0+0=0, 0+1=1, 1+0=1, 1+1=10 (write 0 in the column, carry 1 left).

Rules

  • No carry: 0+0, 0+1, 1+0
  • Carry generated: 1+1, and any column that also has carry-in=1
  • Carry always moves to the next column on the left

Introduction

Confirm homework with the calculator after you apply these rules on paper.

The rules are short enough to memorize in one sitting. The skill is applying them under carry pressure when several columns fire in a row.

If you have not read the overview yet, start with what binary addition is so the column layout and place values feel familiar.

Instructors often test the four rules in isolation before multi-digit sums. Treat this page as your reference card during practice sets.

The four rules and carry-over

0 + 0 = 0 with no carry-out. Both inputs are low; the column stays quiet.

0 + 1 = 1 and 1 + 0 = 1 with no carry-out. Exactly one input is high; the sum bit is 1.

1 + 1 = 10 in binary notation: result bit 0 under the column, carry 1 into the next column left.

Carry-over rules: when carry-in is 1, you are effectively adding three bits. Sums of 2 or 3 still write mod-2 under the column and may emit carry-out 1.

Write carries above the next column before you compute that column. Dropped carries are the top mistake in student work.

Rules as a decision table

  • carry_out = 1 when (bit_a + bit_b + carry_in) is 2 or 3
  • result_bit = (bit_a + bit_b + carry_in) mod 2
  • carry_in for column k comes from carry_out of column k-1

The table is the human-friendly view; the formulas are what calculators and adder circuits implement.

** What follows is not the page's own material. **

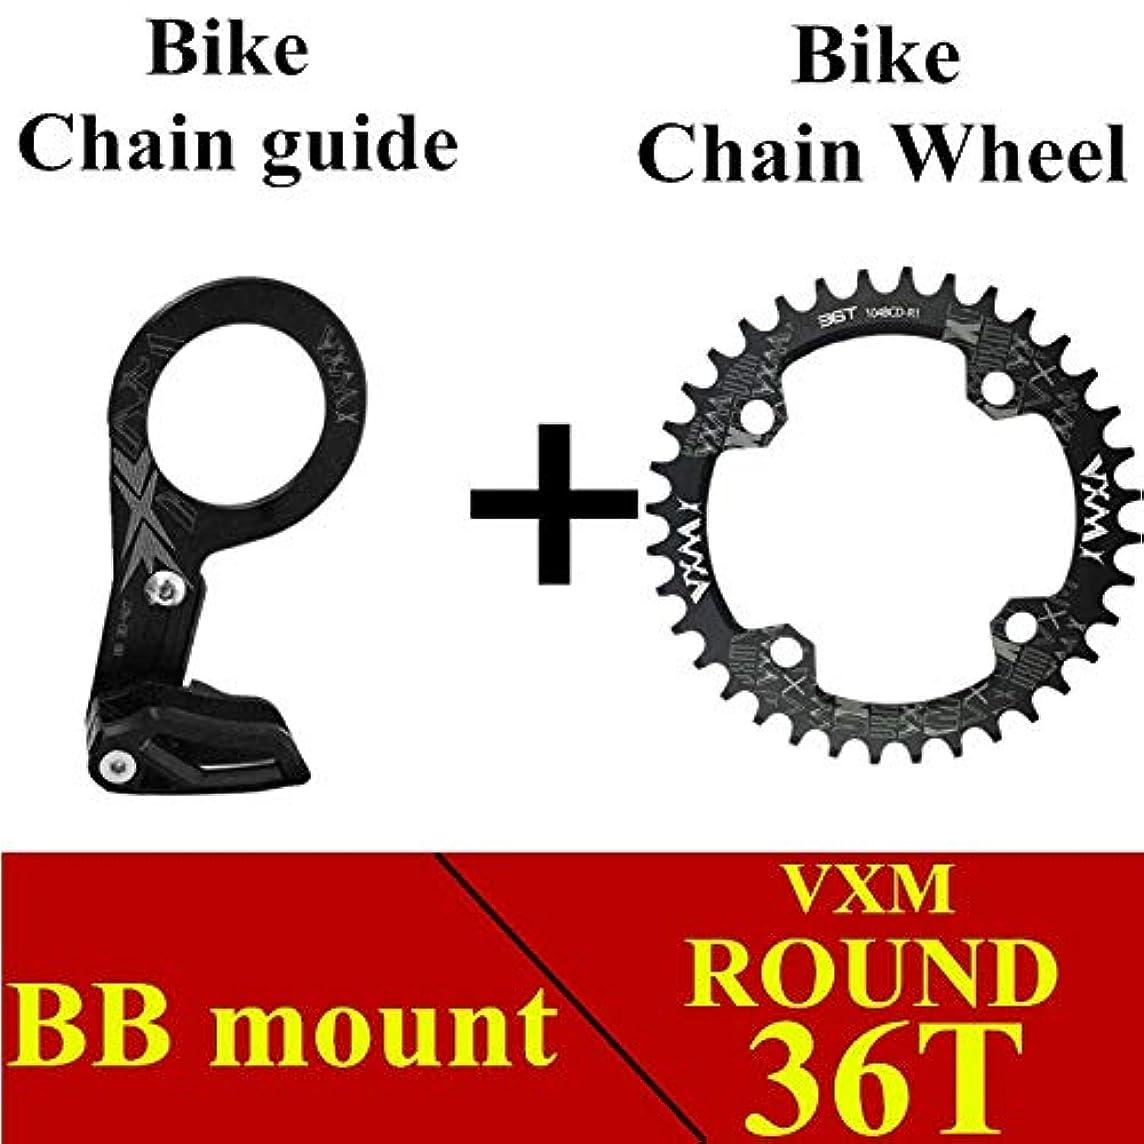 未来子孫フォアマンPropenary - Bicycle Crank & Chainwheel 104BCD 32T/34T/36T/38T Round Narrow Wide Chainring Bike Chain guide protector Bicycle Parts [ BB Black 36T ]

Ripple carries happen when many columns see 1+1 or 1+1+1 in sequence. Our dedicated binary addition with carry article walks through chains and overflow.

Once the table is automatic, you can express the same outcomes with XOR and carry formulas when you study logic gates.

Step-by-step guide

  1. Write the four lines at the top of your paper. Keep them visible until you no longer pause to recall 1+1.
  2. Mark carry-in before each column. Use a small 1 above the column or a running tally in the margin.
  3. Compute result bit with mod-2 logic. Even count of 1s yields 0; odd count yields 1 when you include carry-in.
  4. Emit carry-out when the column sum is 2 or 3. That carry becomes carry-in for the column to the left.
  5. Re-add if a carry was skipped. Every column to the left of a mistake will disagree with the correct answer.

Rule checks with and without carry-in

Ones column of 11 + 01: 1 + 1 = 10, so write 0 and carry 1.

Next column with carry-in 1: if both operand bits are 0, you still write 1 because 0+0+1 = 1.

Practice 0111 + 0001 to see every column generate or absorb a carry.